Records for the task

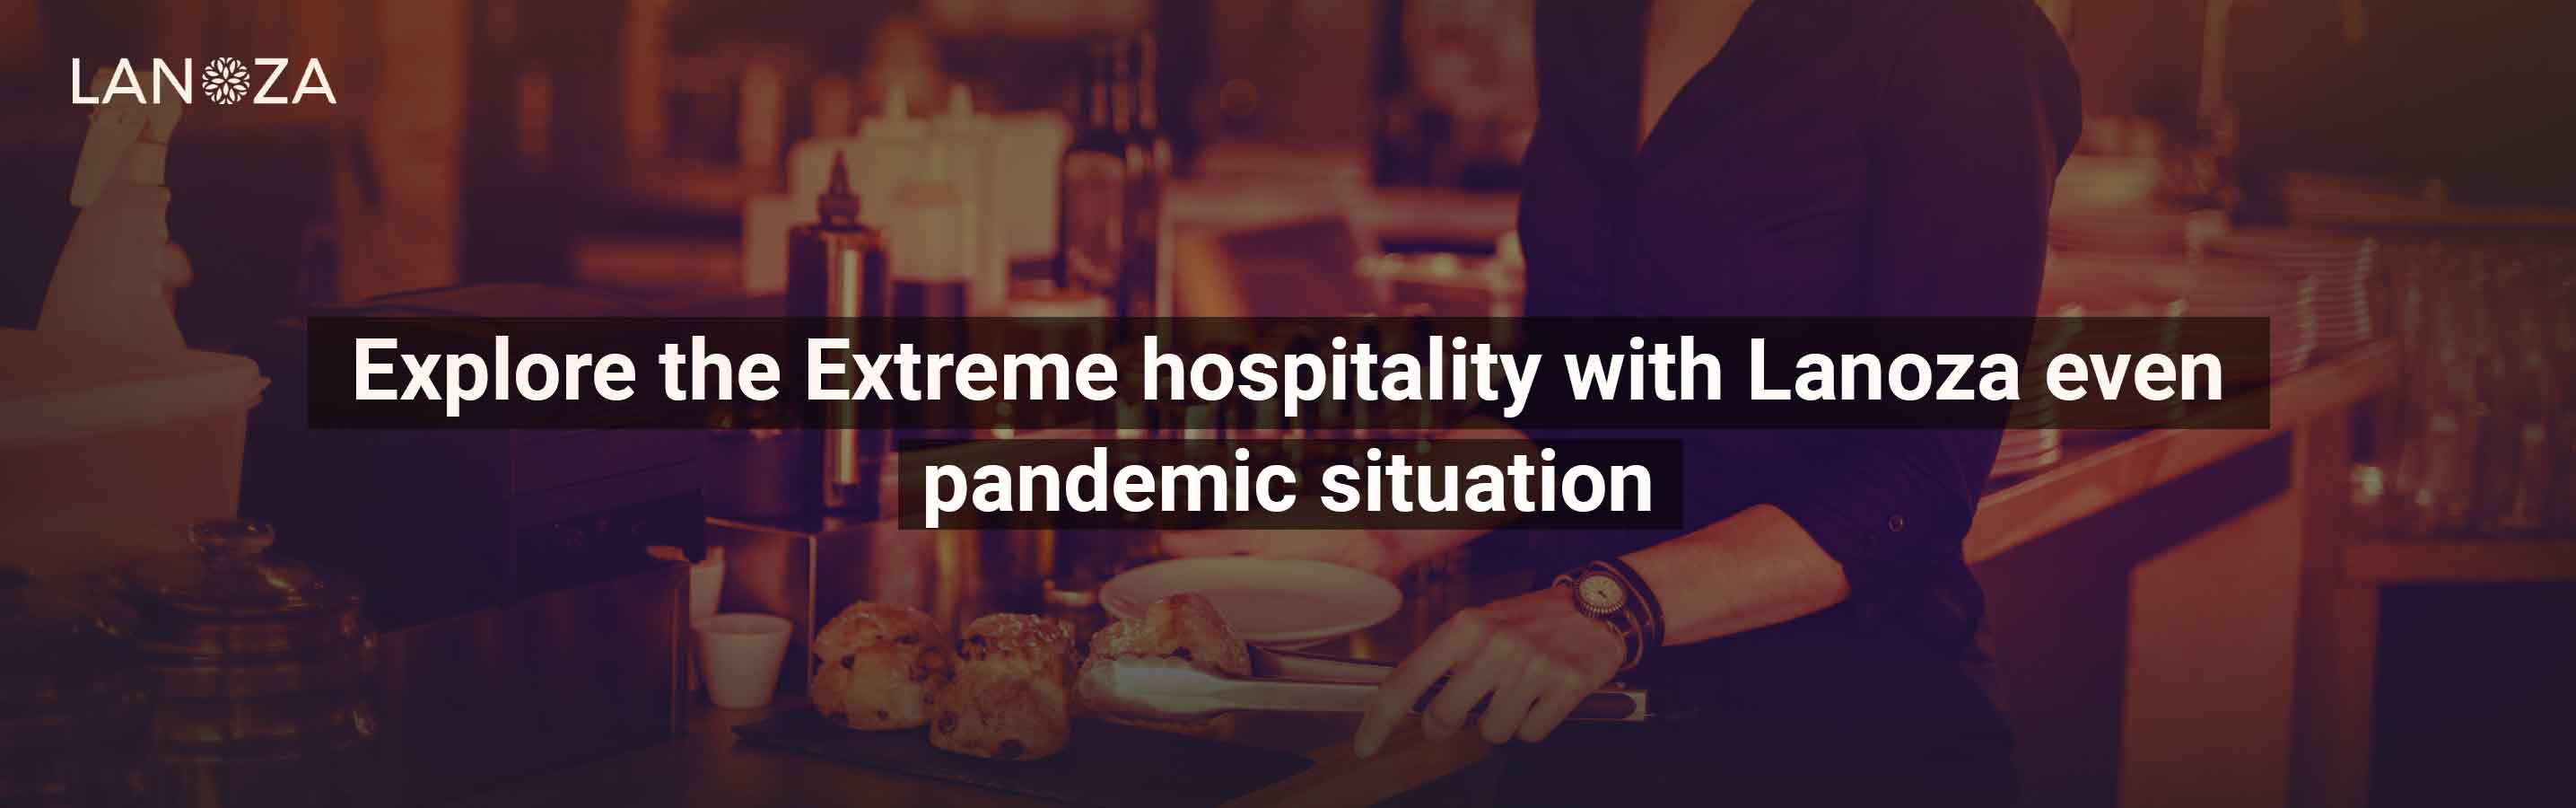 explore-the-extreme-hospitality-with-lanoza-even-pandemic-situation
--
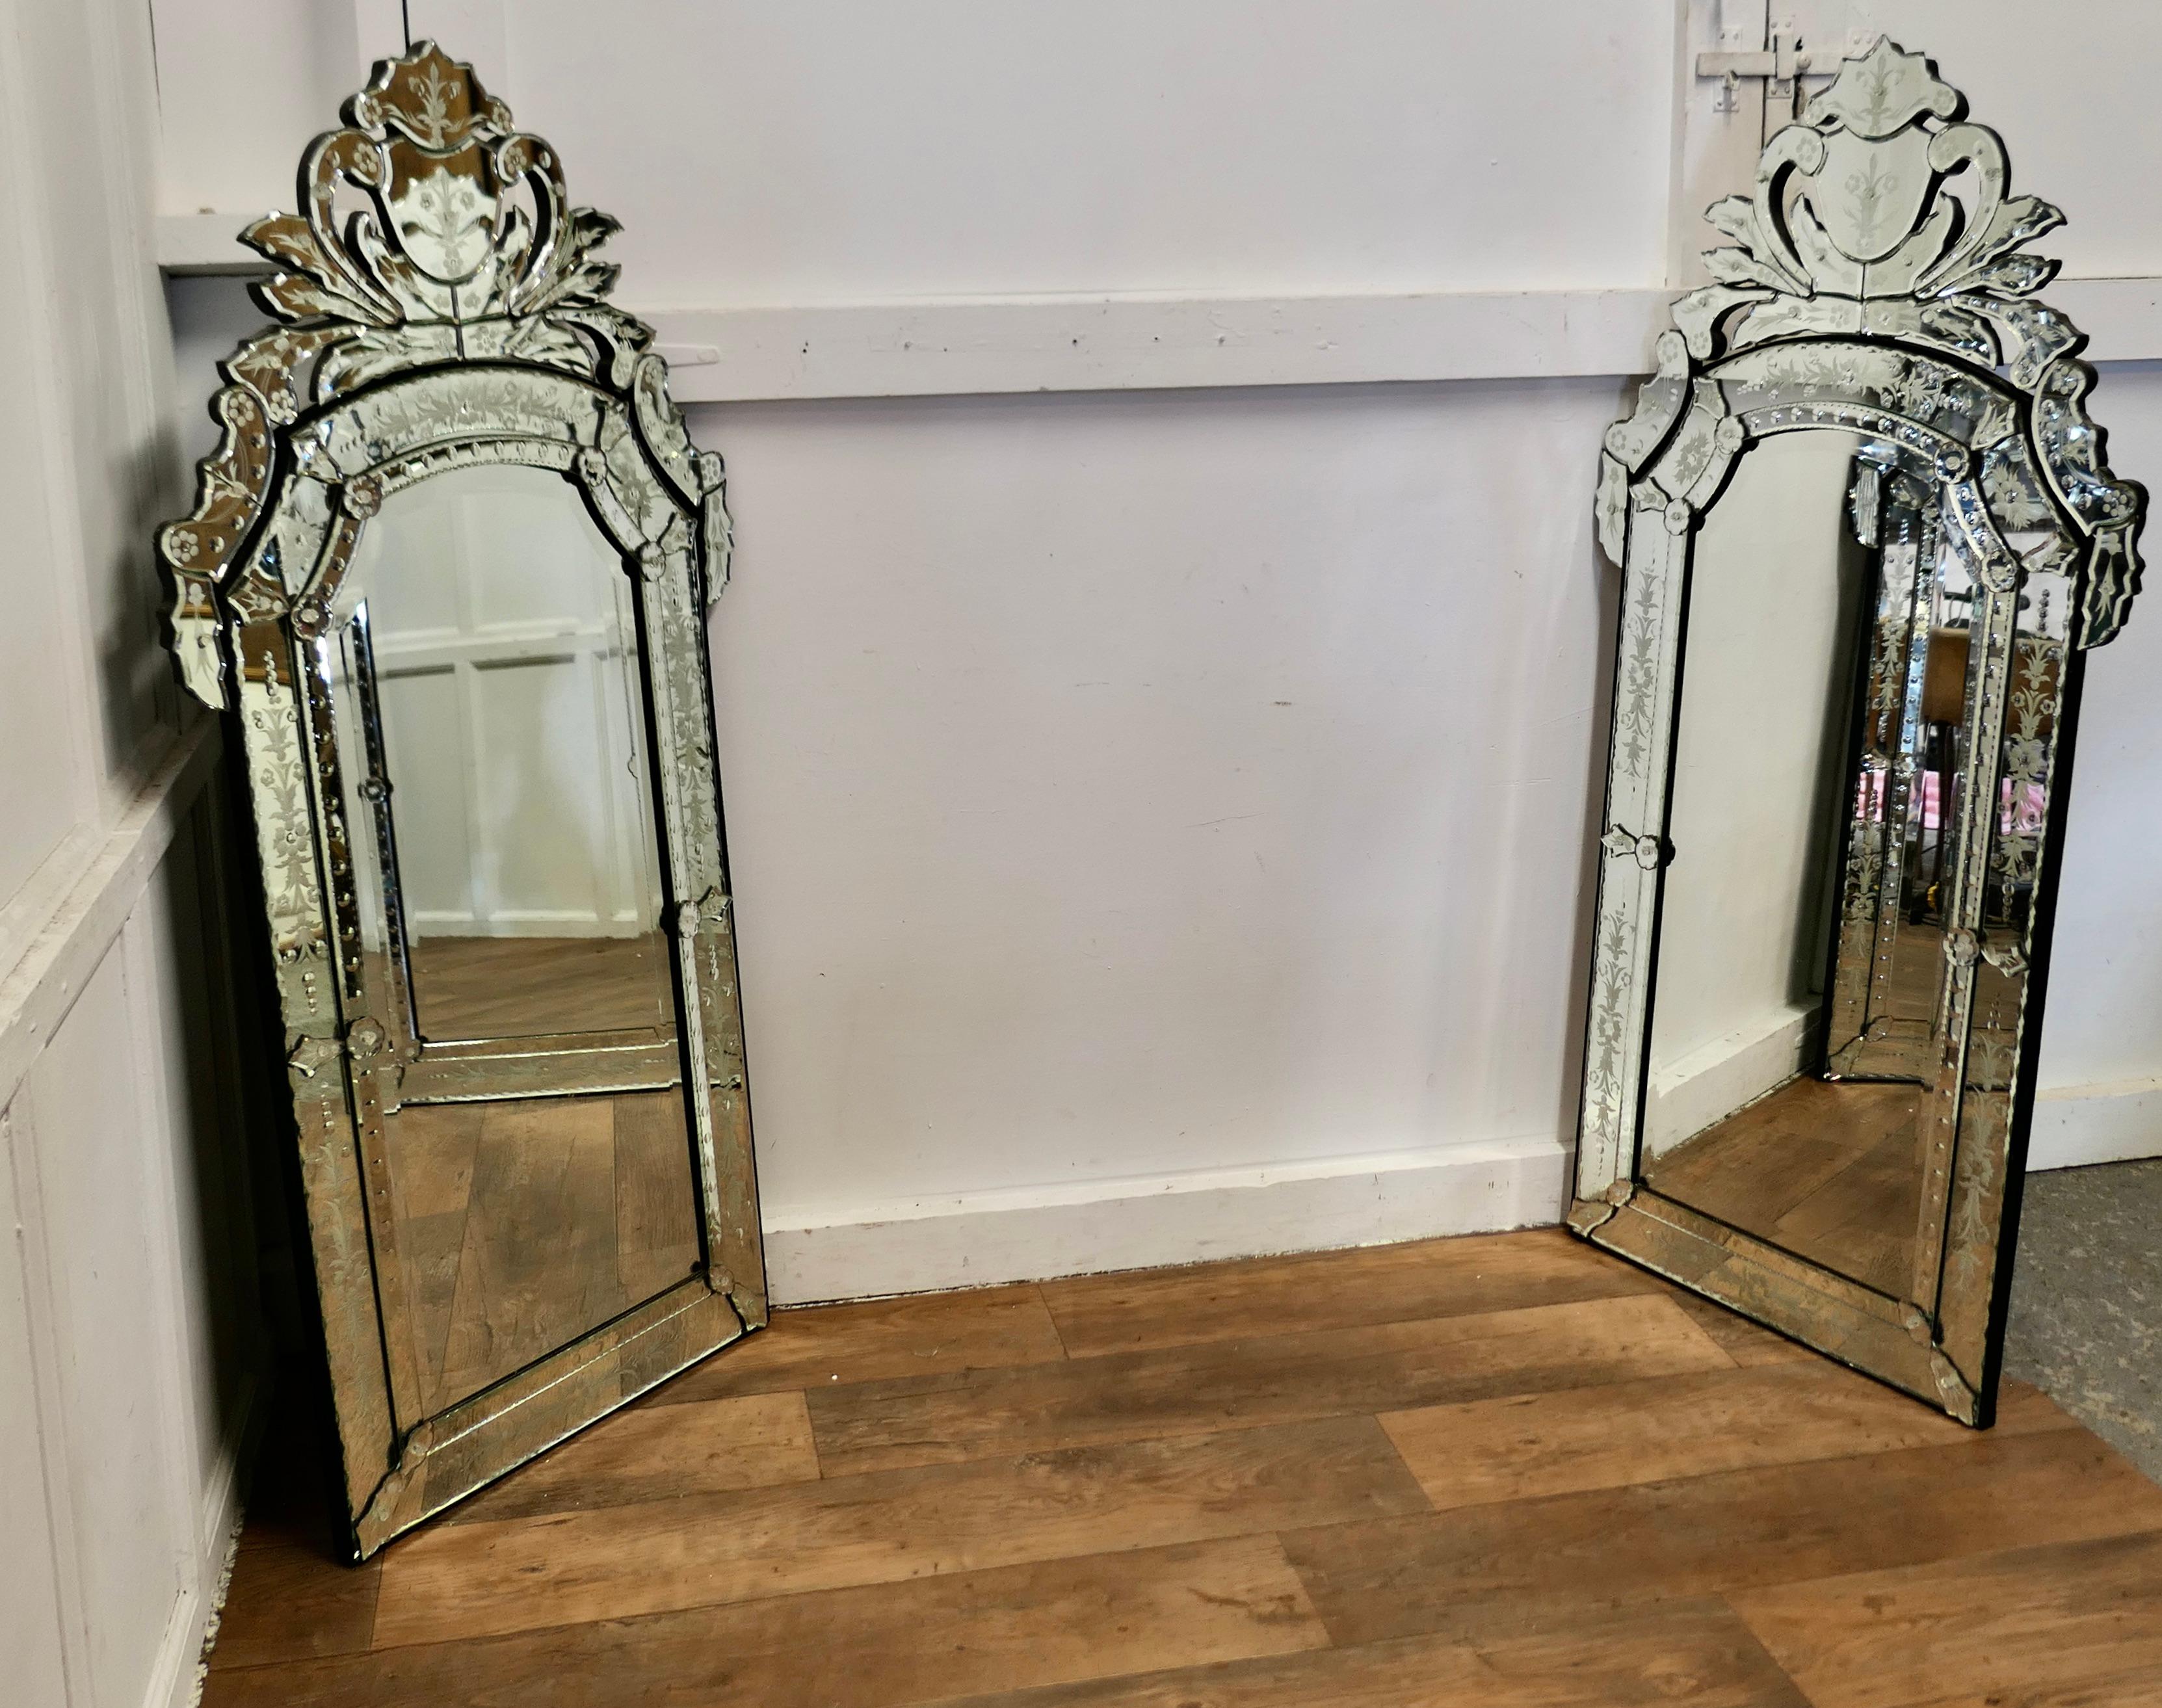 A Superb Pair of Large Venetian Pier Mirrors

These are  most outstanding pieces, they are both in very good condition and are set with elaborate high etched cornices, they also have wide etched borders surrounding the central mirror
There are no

What the exercise asks
Write down exactly the span of lines above from the one containing "the central mirror" to the one containing "There are no", both ends included.

Result of the exercise
These are  most outstanding pieces, they are both in very good condition and are set with elaborate high etched cornices, they also have wide etched borders surrounding the central mirror
There are no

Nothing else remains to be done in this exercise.